■ Given information ■

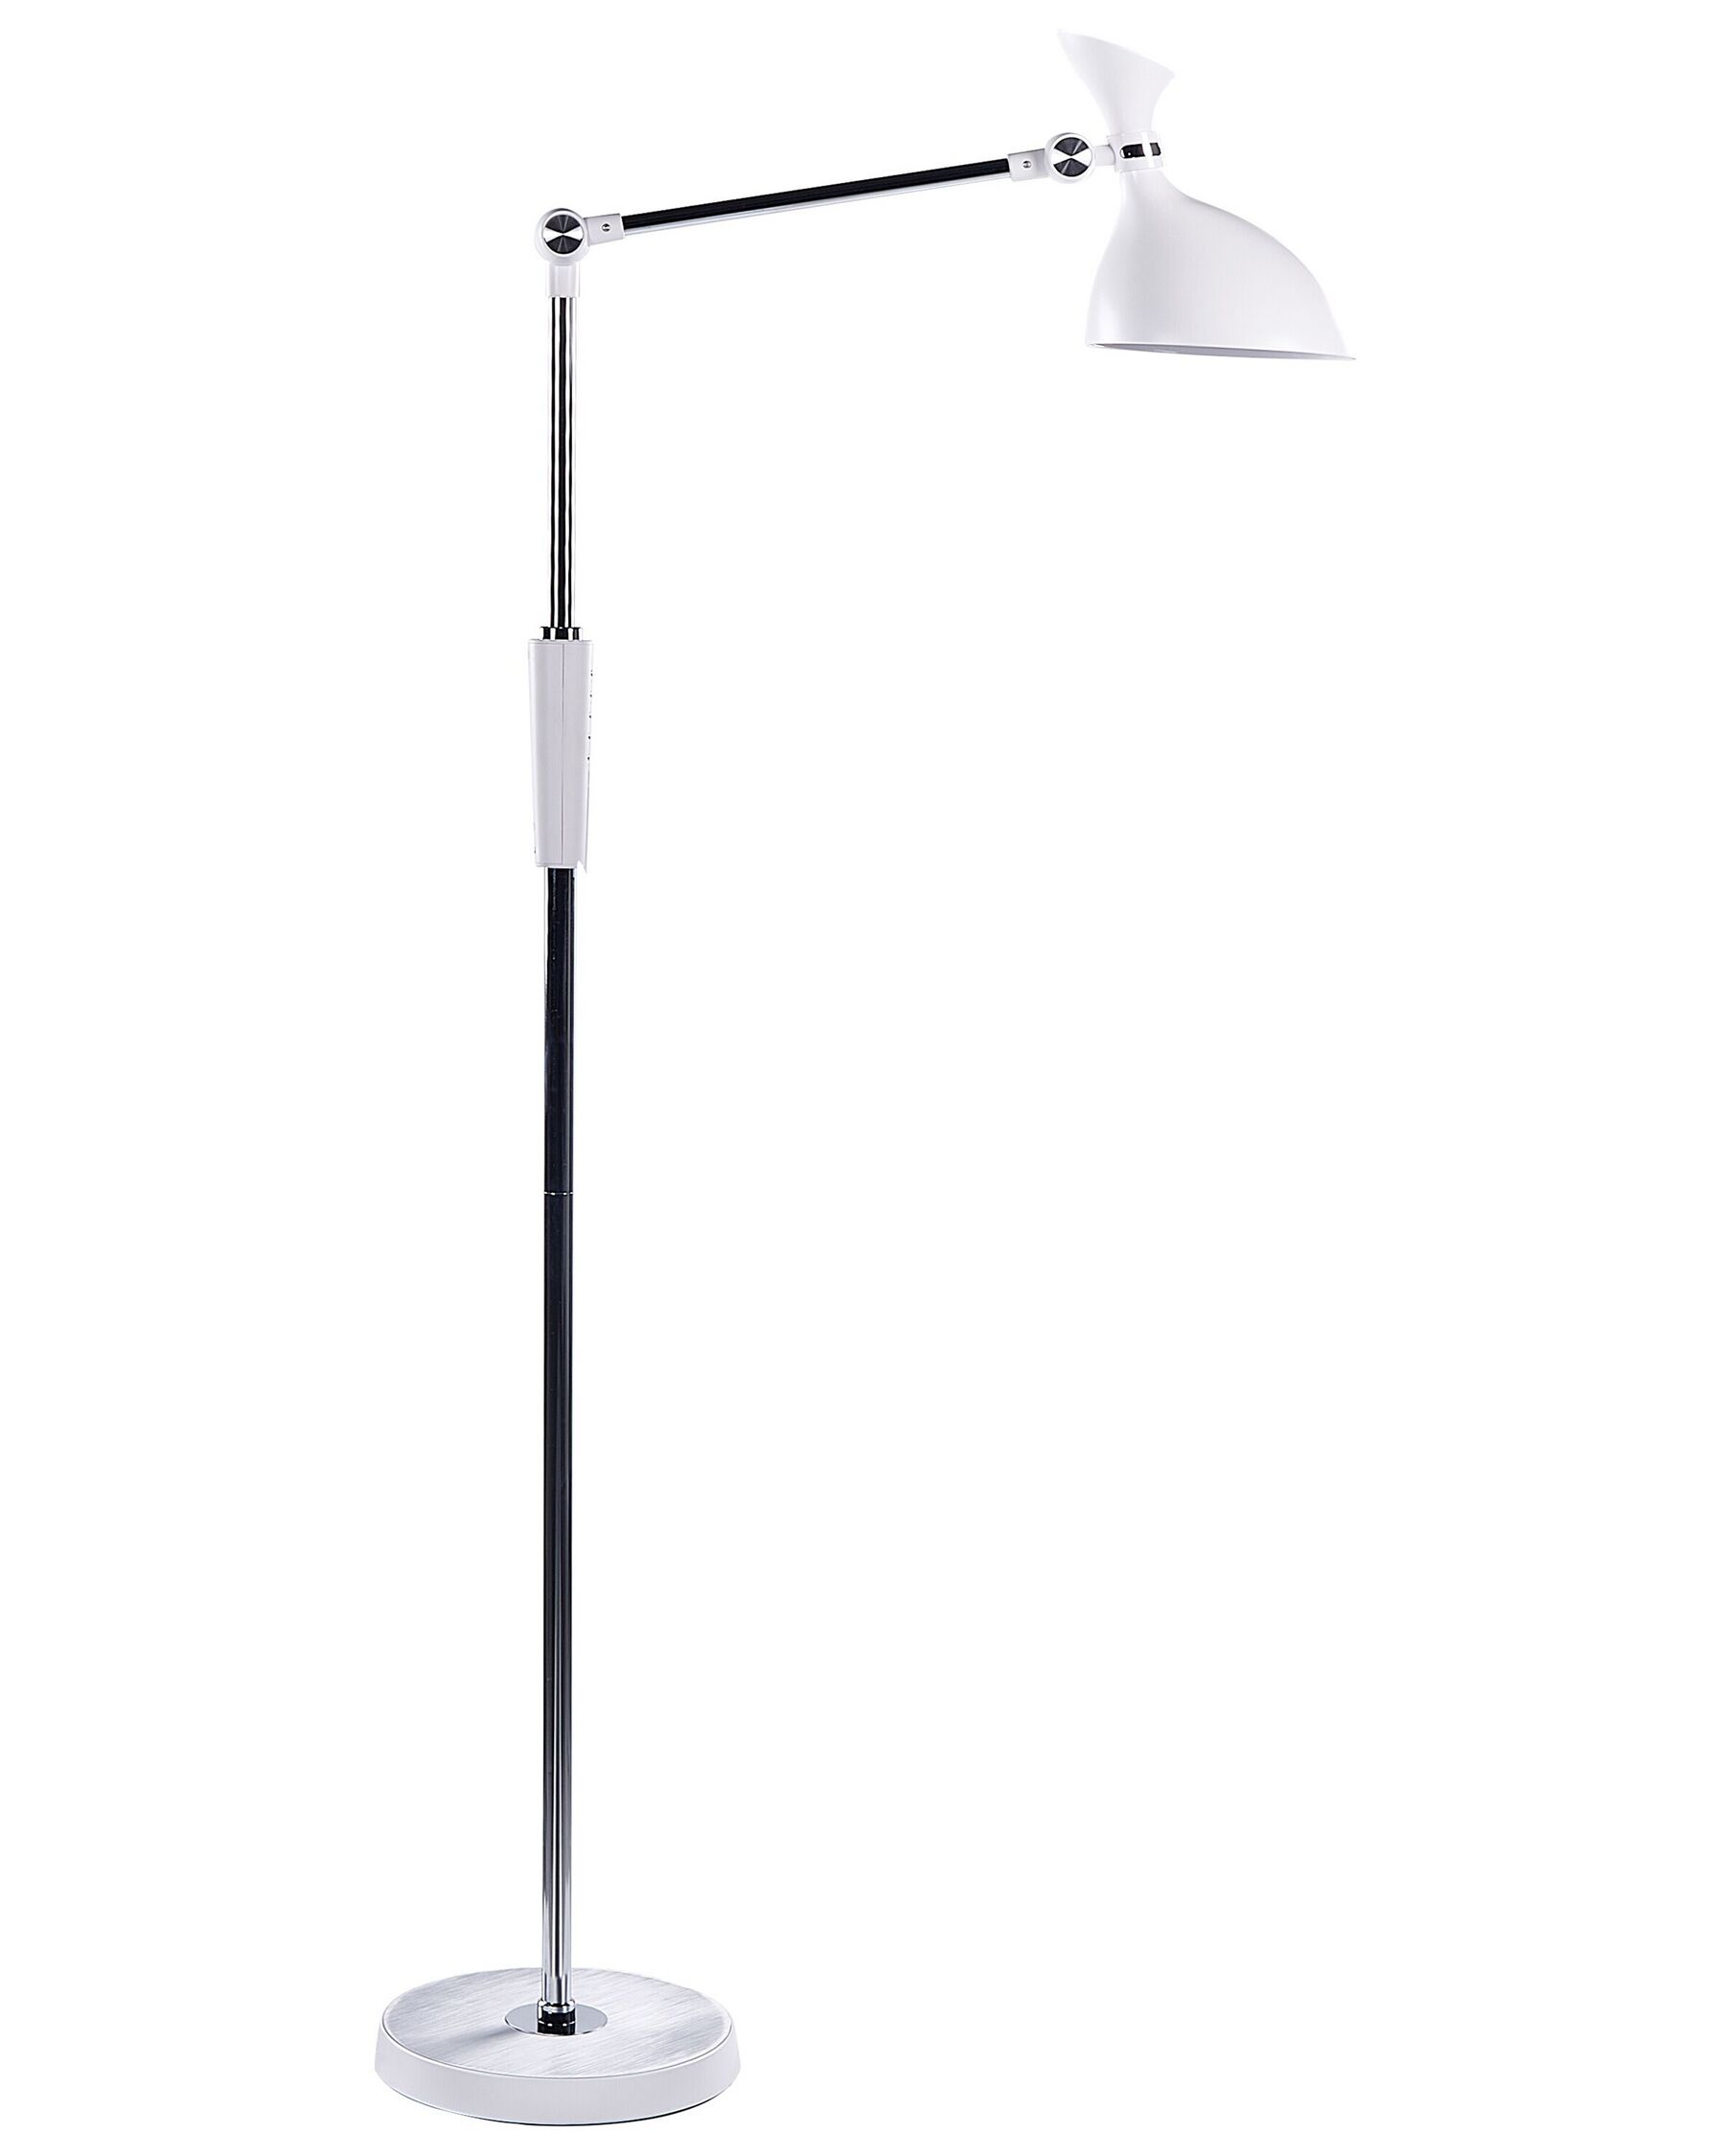 Stehlampe LED weiss 169 cm ANDROMEDA_855331
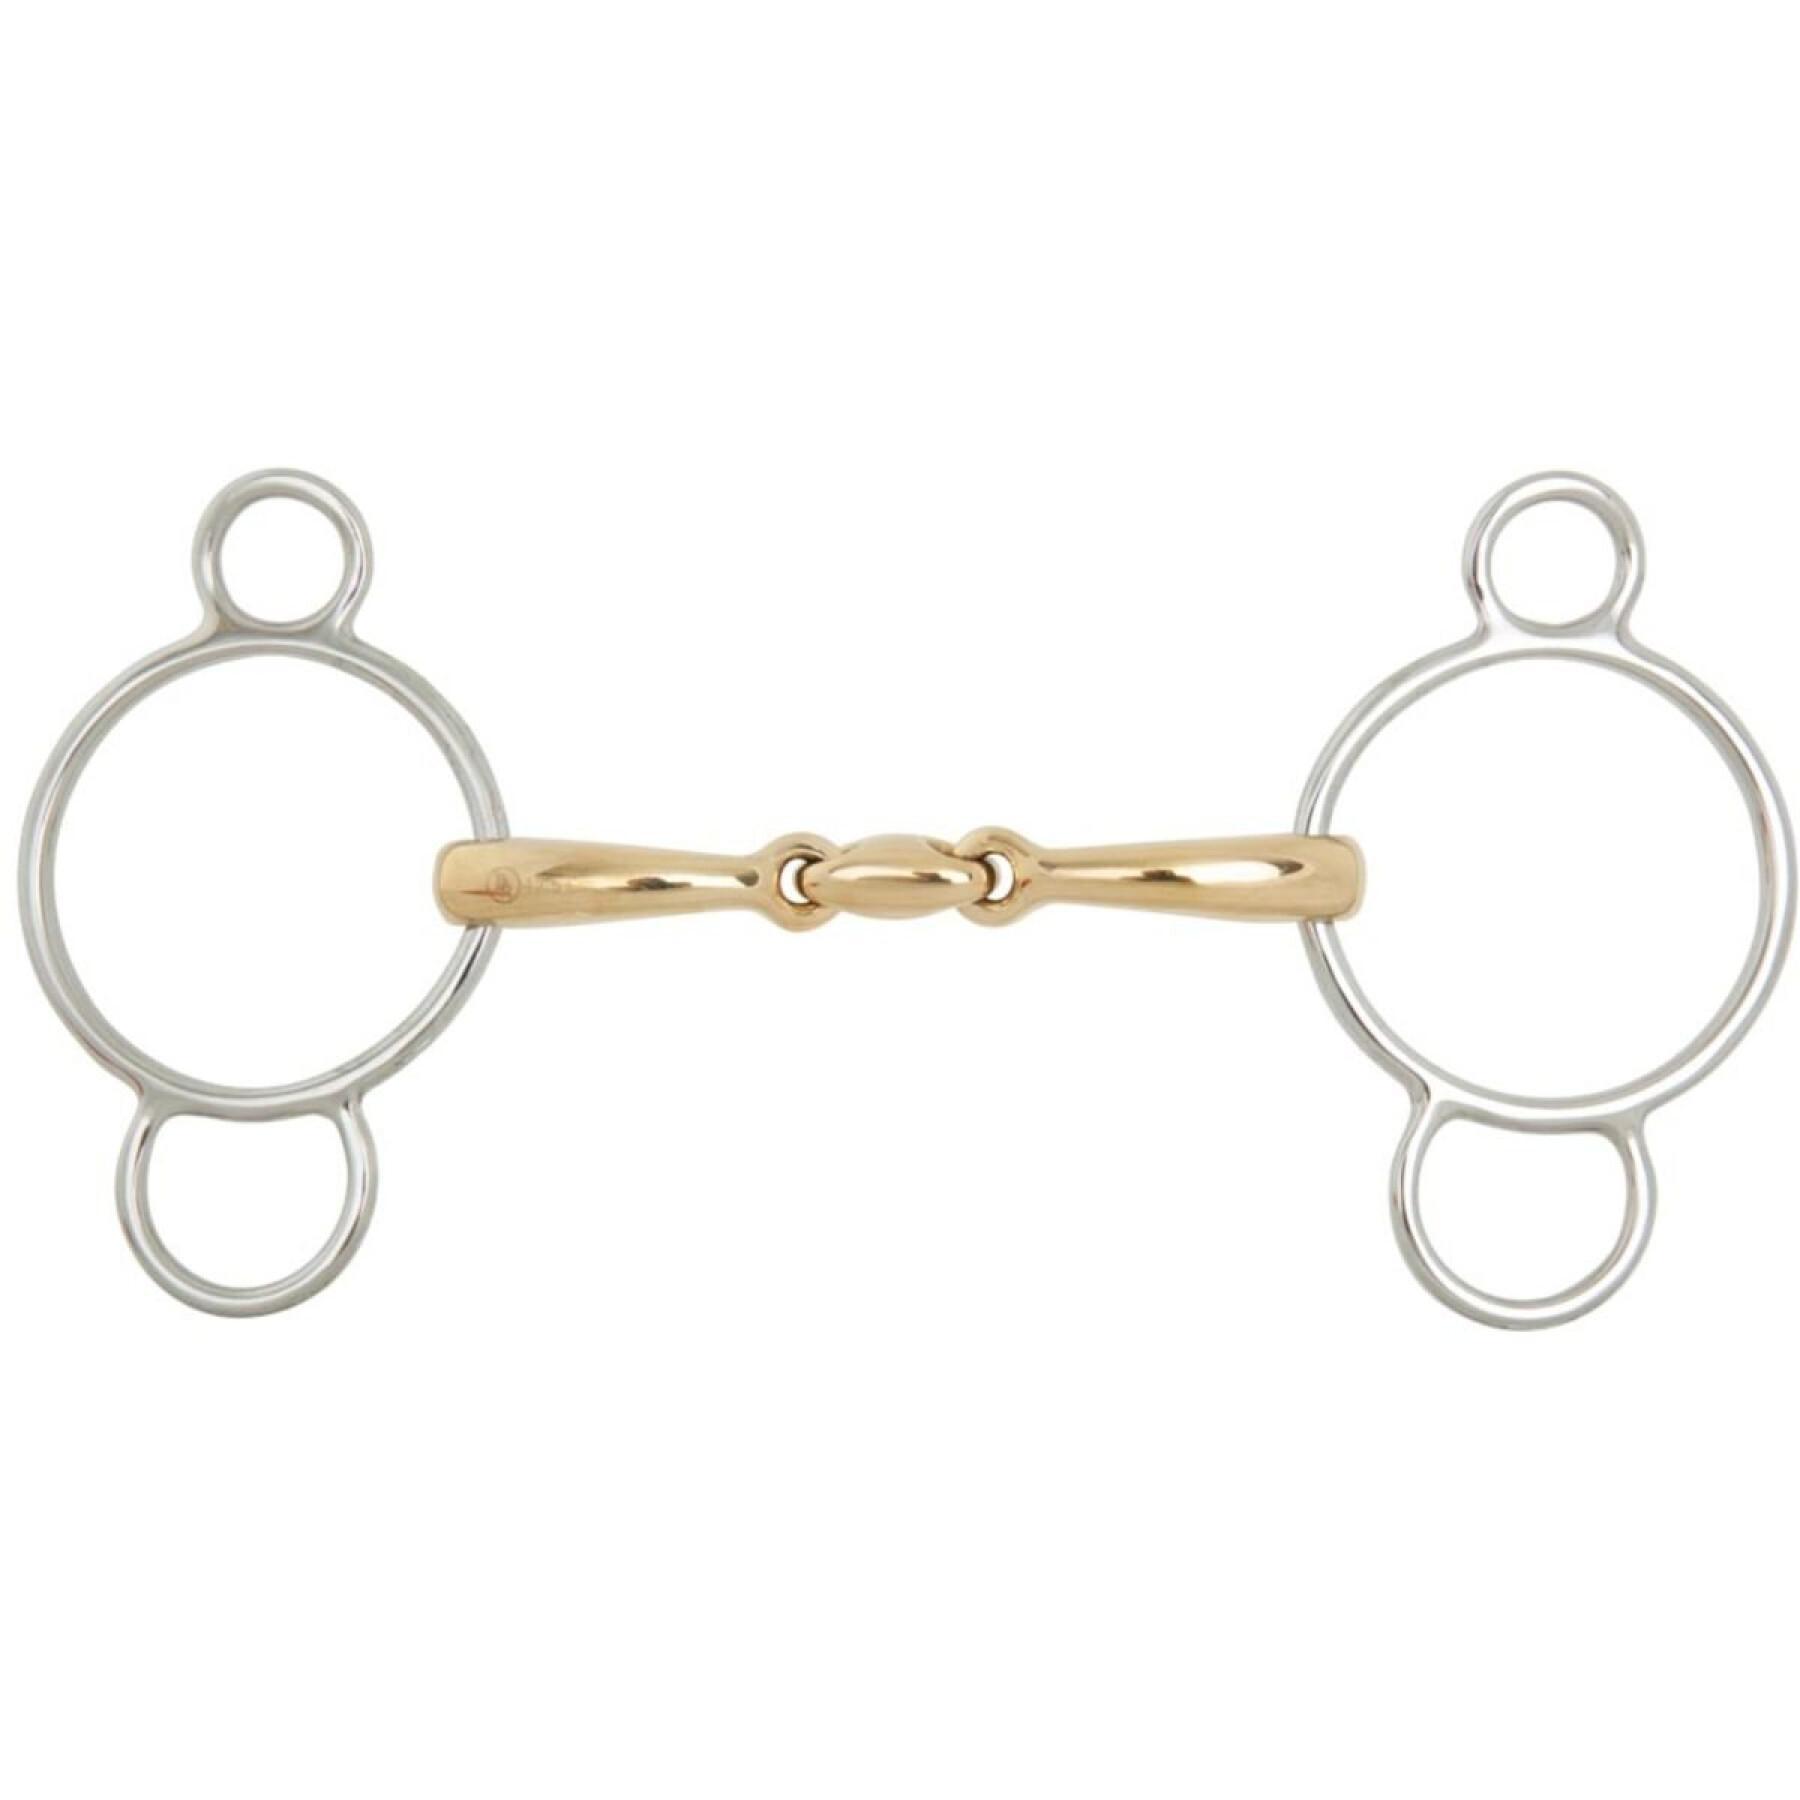 3-Ring Gebiss BR Equitation Soft Contact
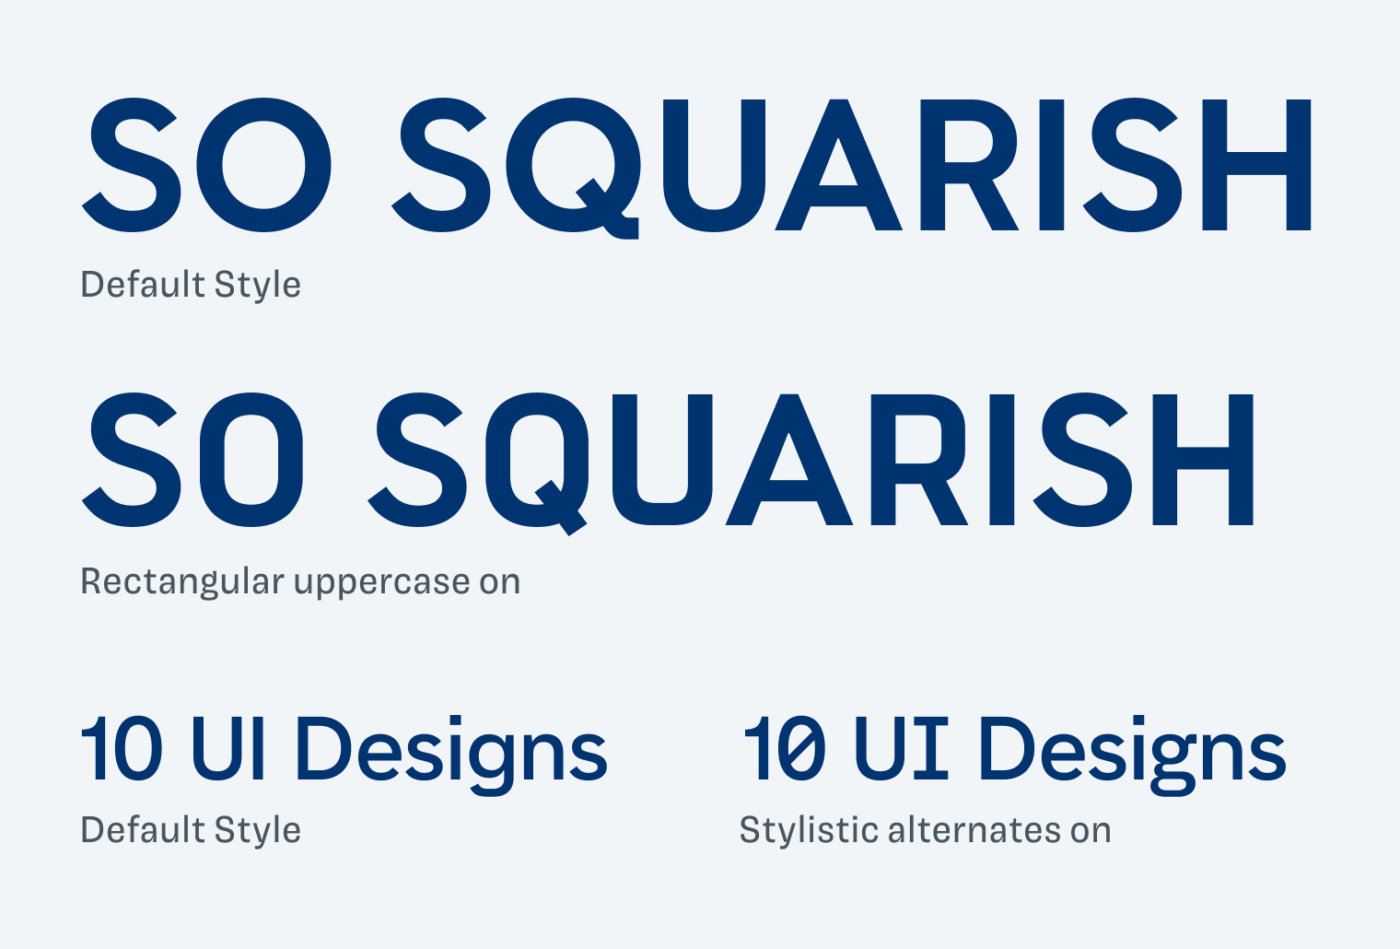 “So squarish” in default and rectangular uppercase styling. “10 UI Designs“ in default style and with stylistic alternates for better differentiation.

■ Task directions ■
With the pictures removed, copy the data above word for word.

■ Result of this task ■
 Stehlampe LED weiss 169 cm ANDROMEDA_855331
 3-Ring Gebiss BR Equitation Soft Contact
 “So squarish” in default and rectangular uppercase styling. “10 UI Designs“ in default style and with stylistic alternates for better differentiation.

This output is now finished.